> [PROBLEM]
Begin the copy at the line containing "Teaching Stuff SVG, Tote" and end it at the final line of the material below, reproducing each line exactly, without images.

> [SUPPLIED MATERIAL]
+ + + + +

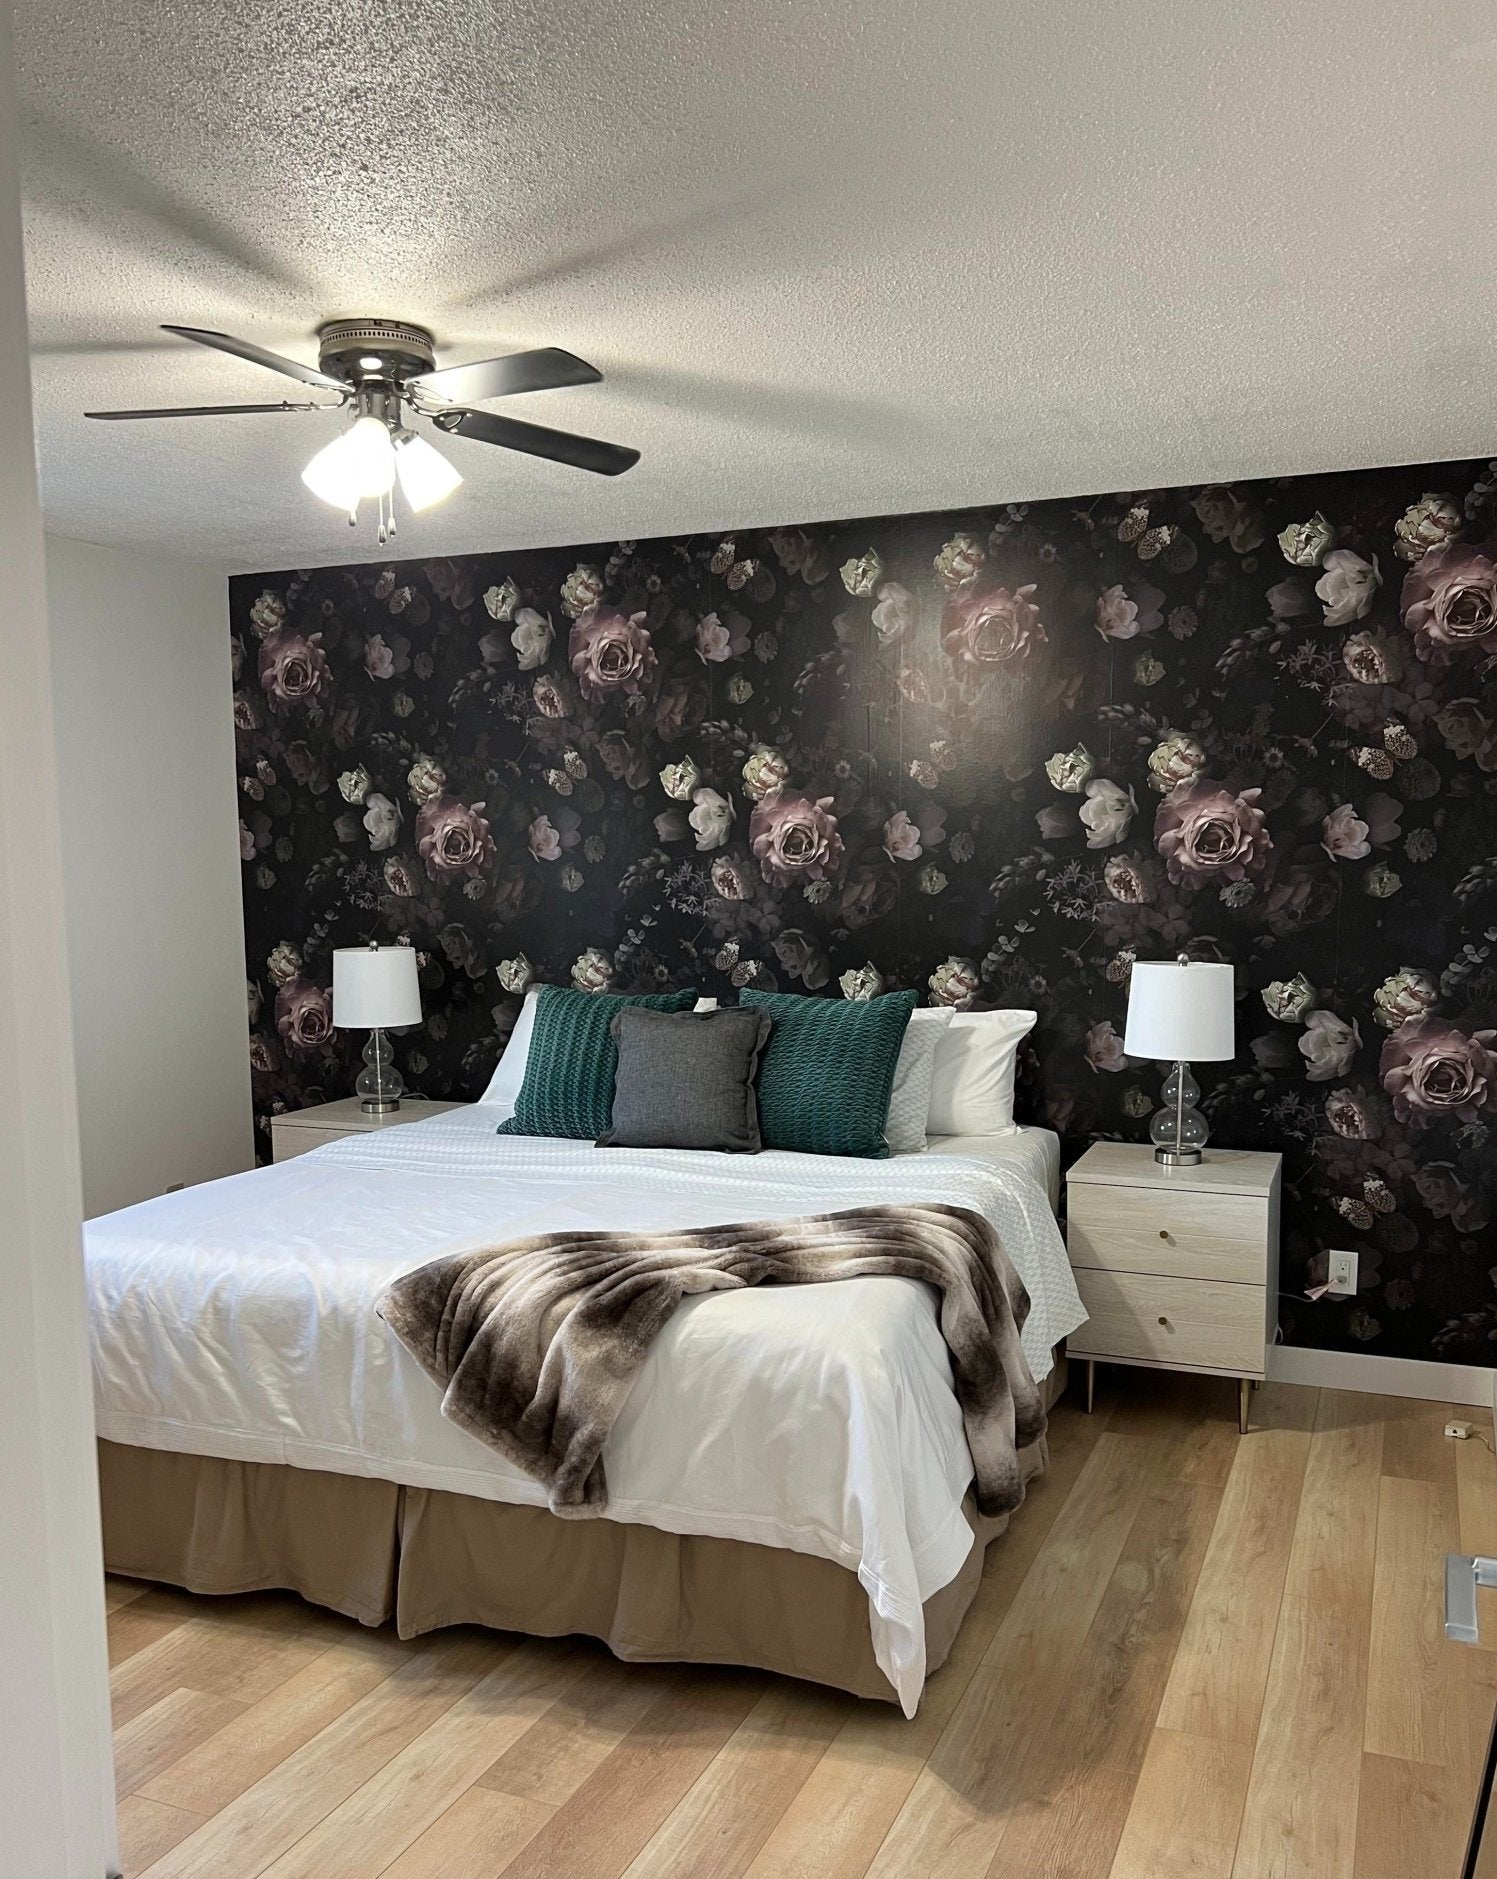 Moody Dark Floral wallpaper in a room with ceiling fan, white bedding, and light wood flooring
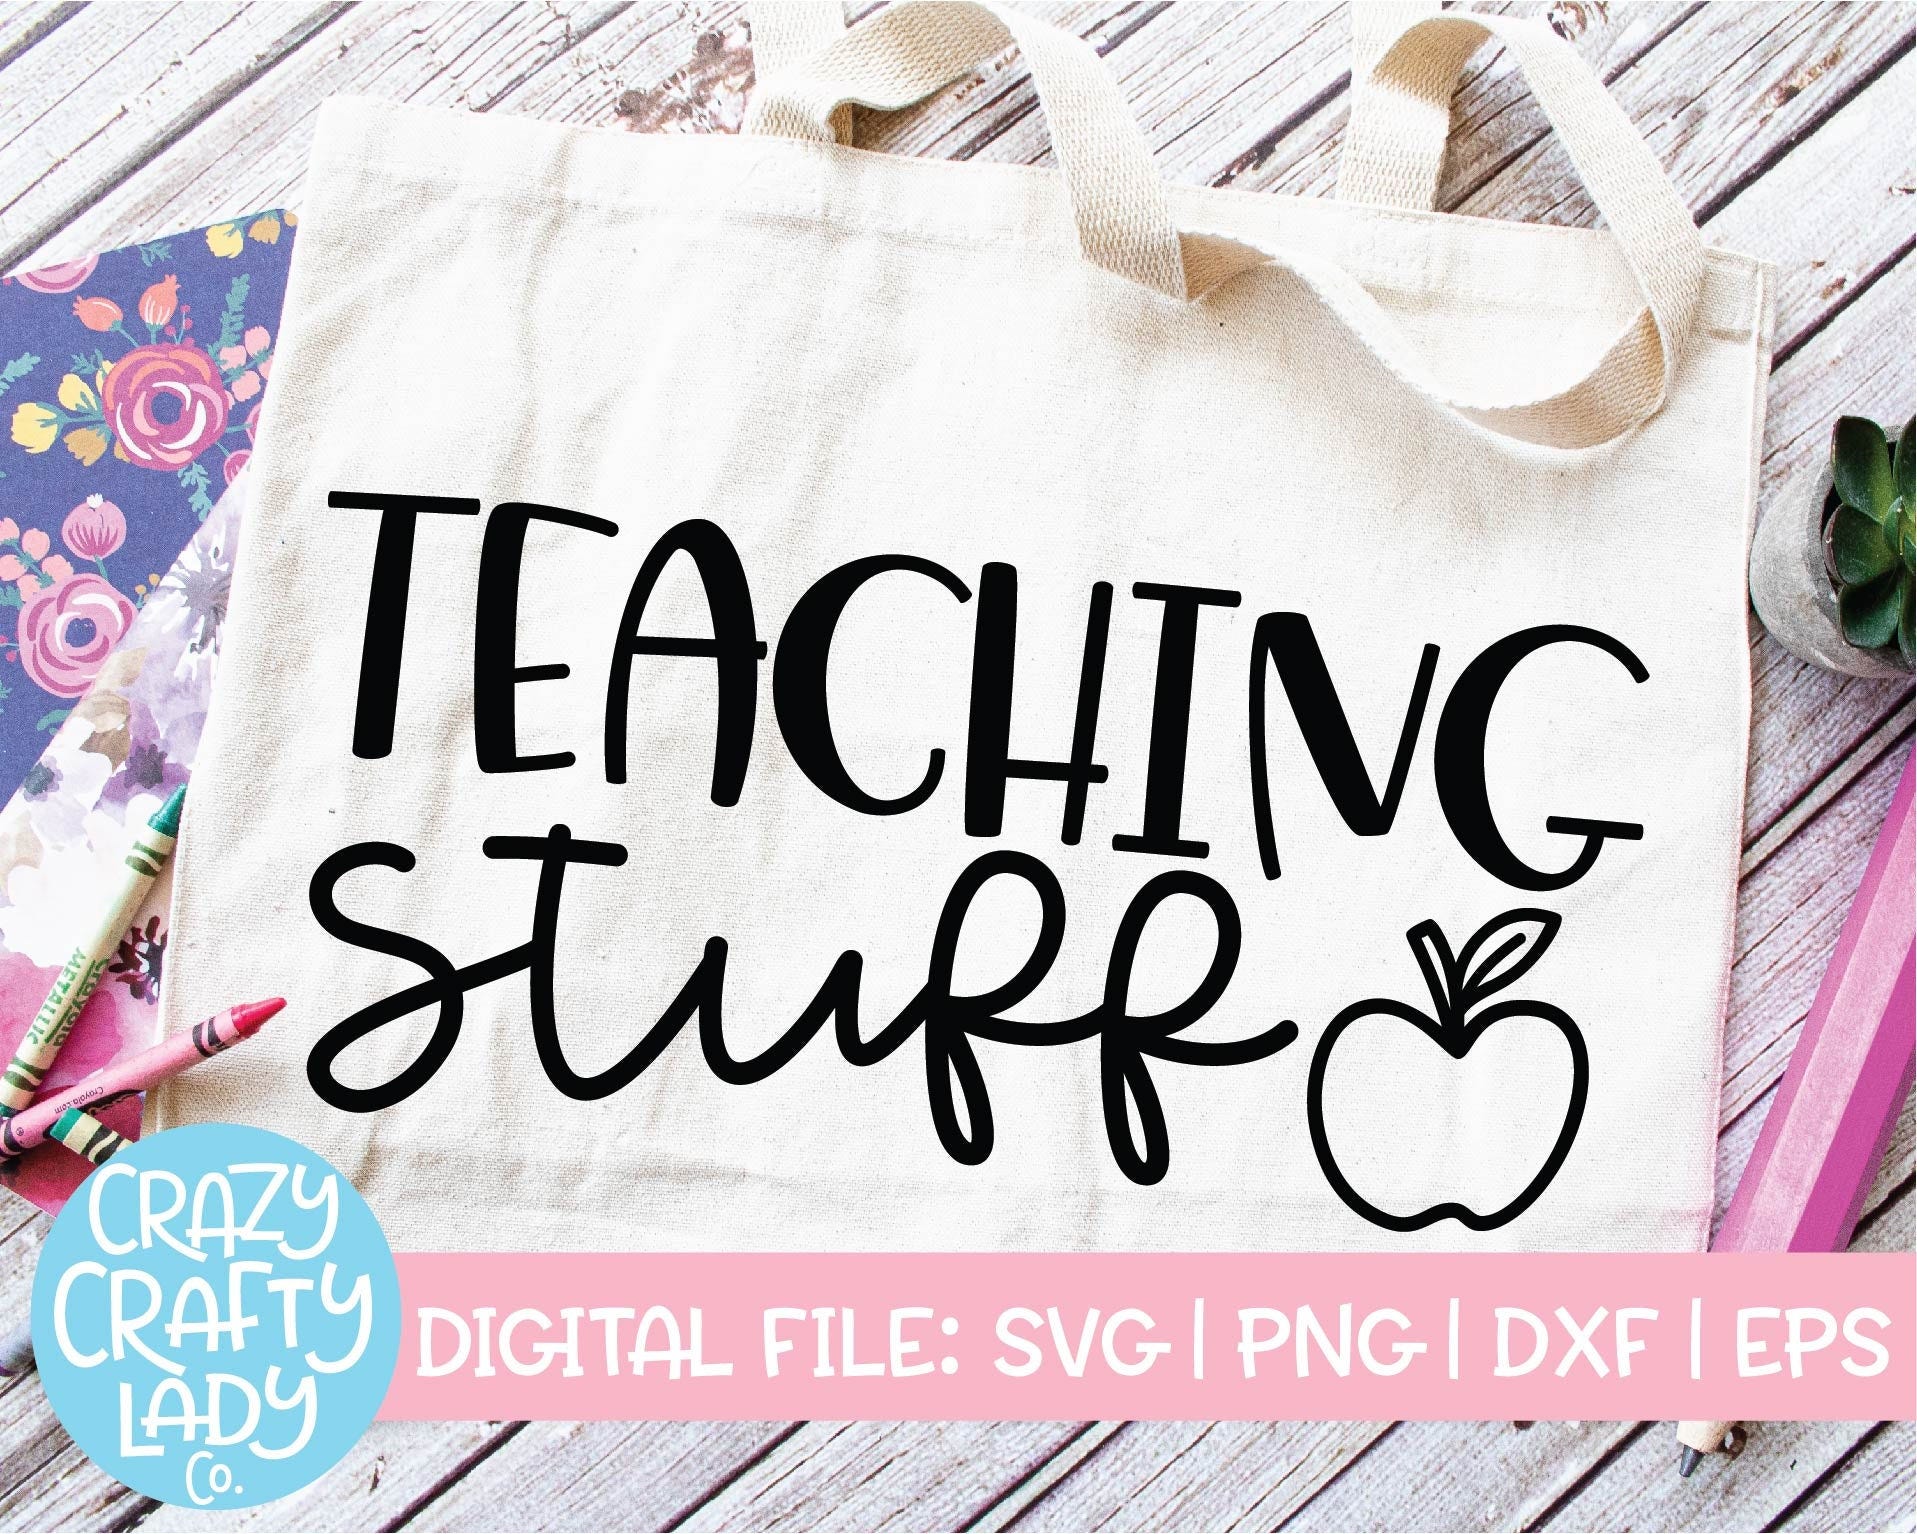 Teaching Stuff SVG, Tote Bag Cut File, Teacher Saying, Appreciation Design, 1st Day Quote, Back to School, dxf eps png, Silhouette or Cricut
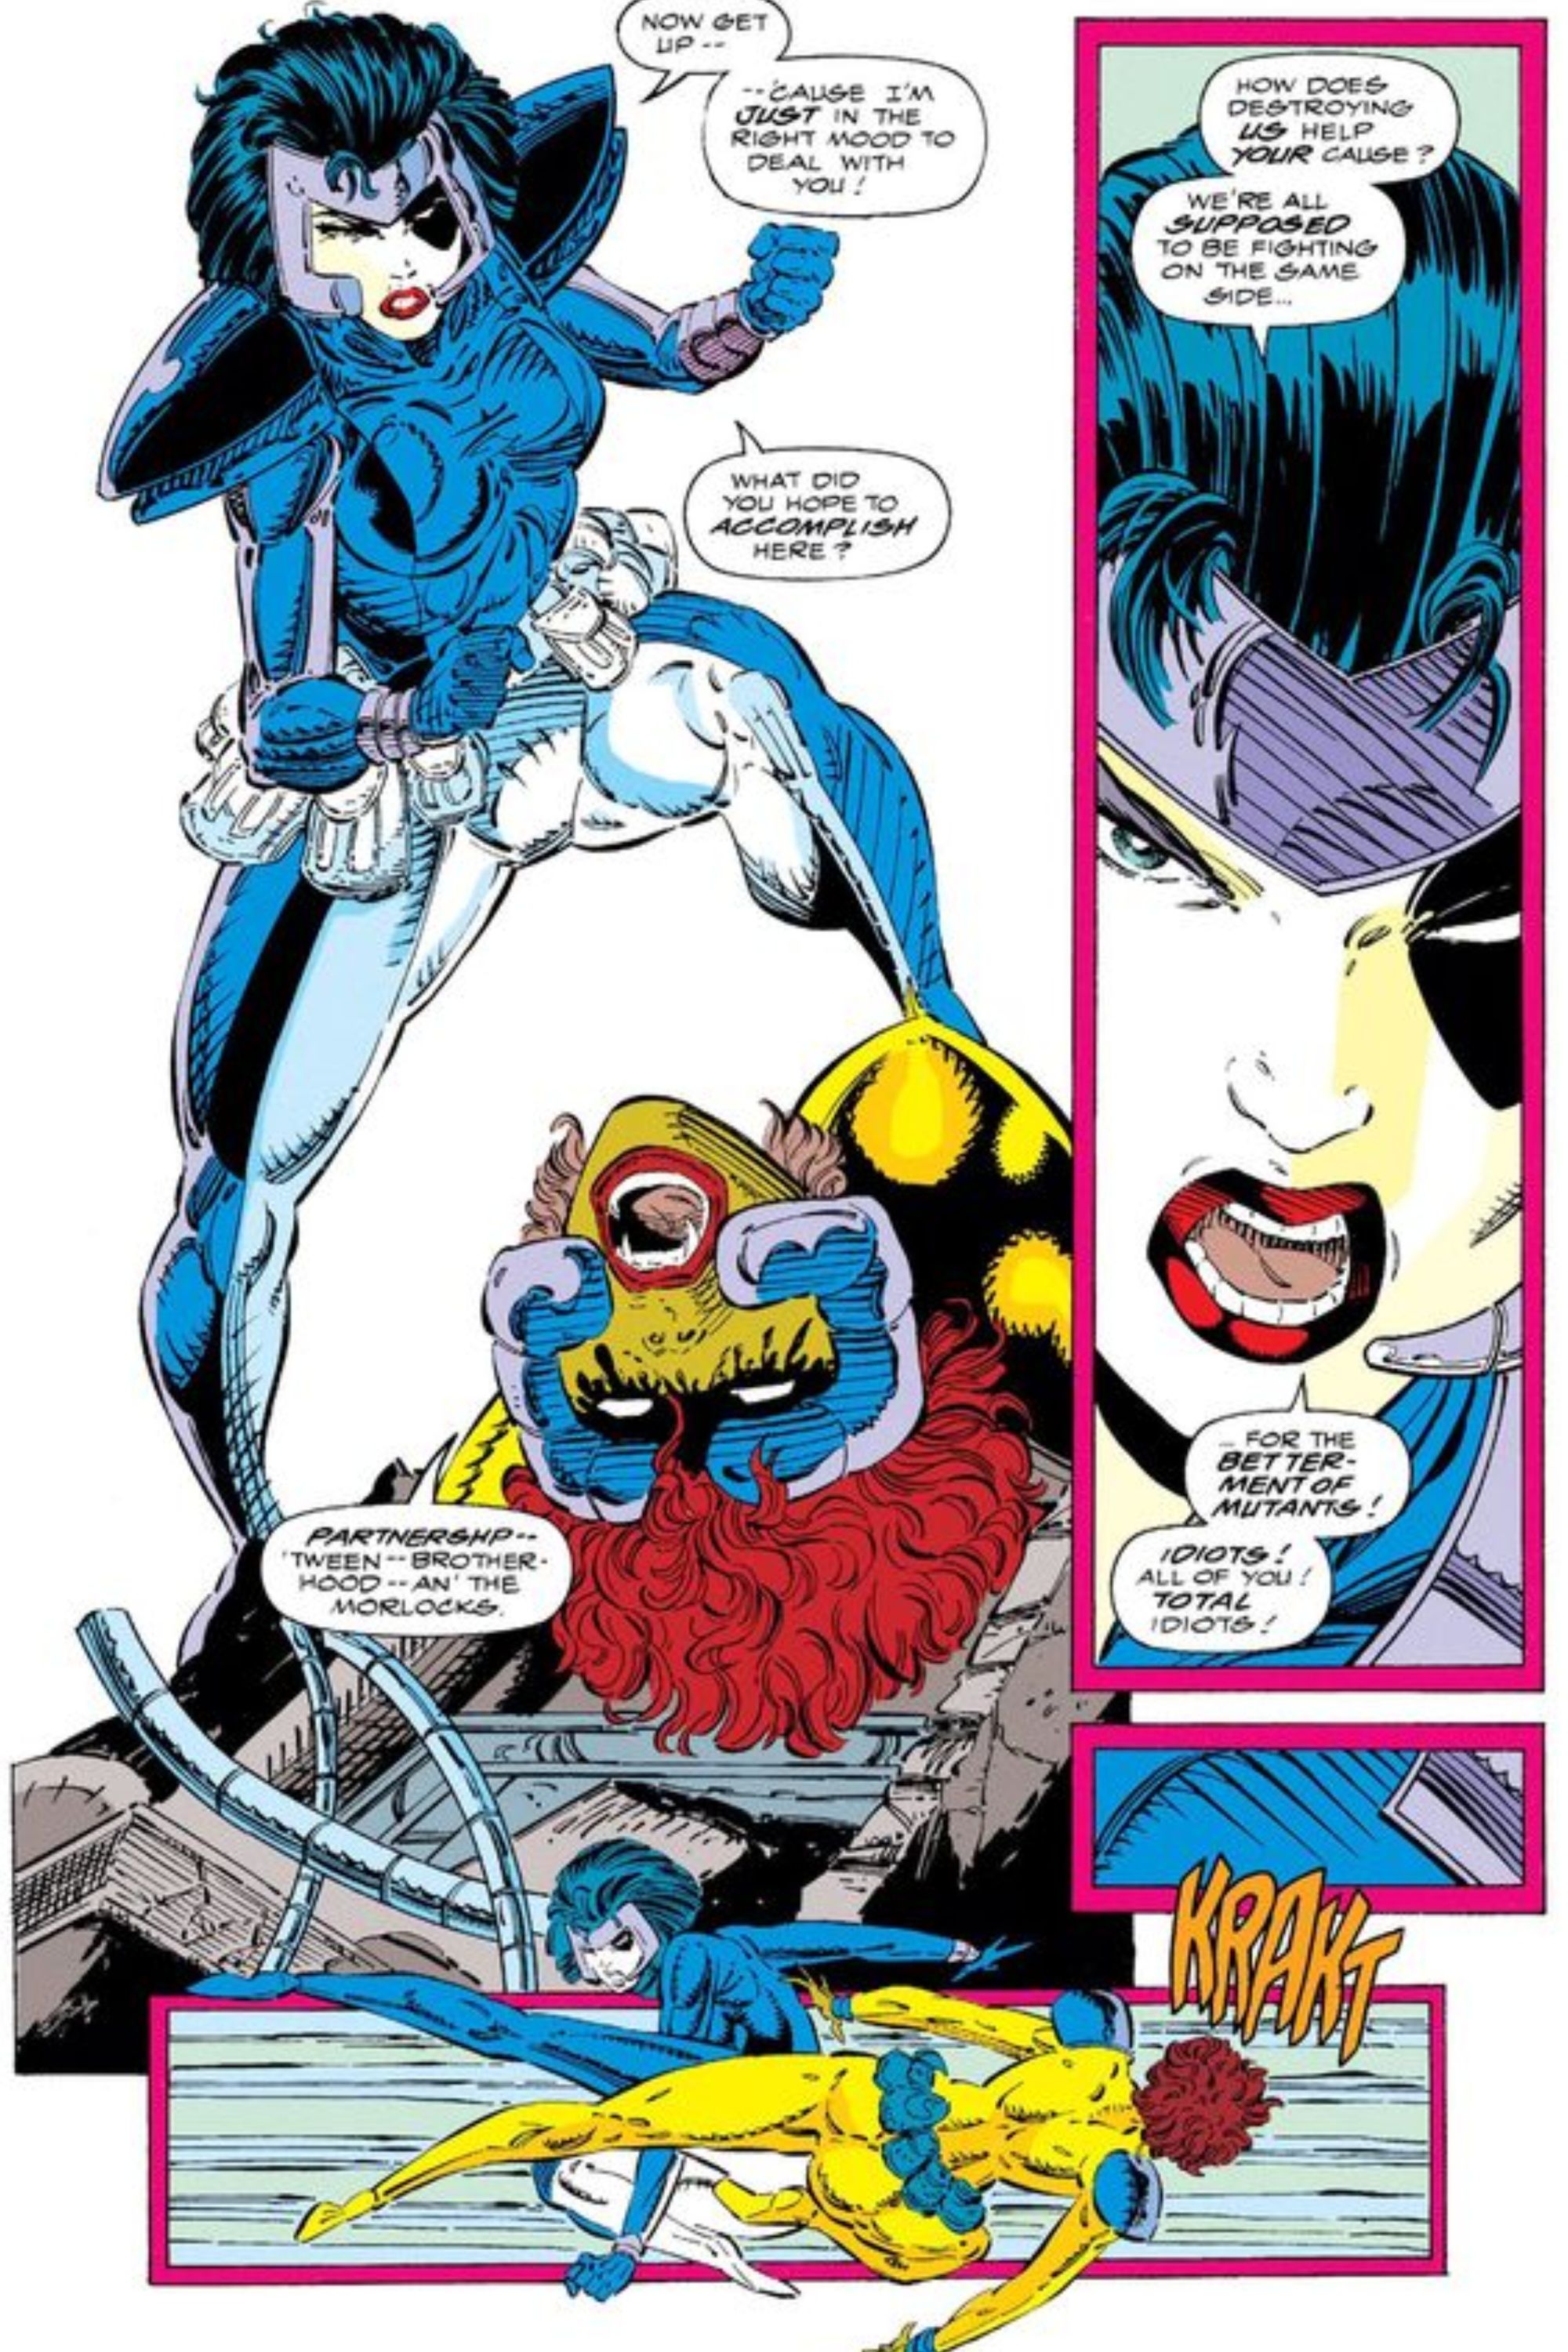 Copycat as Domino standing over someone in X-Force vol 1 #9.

+ + + + +

> [YOUR RESPONSE]
 Teaching Stuff SVG, Tote Bag Cut File, Teacher Saying, Appreciation Design, 1st Day Quote, Back to School, dxf eps png, Silhouette or Cricut
 Copycat as Domino standing over someone in X-Force vol 1 #9.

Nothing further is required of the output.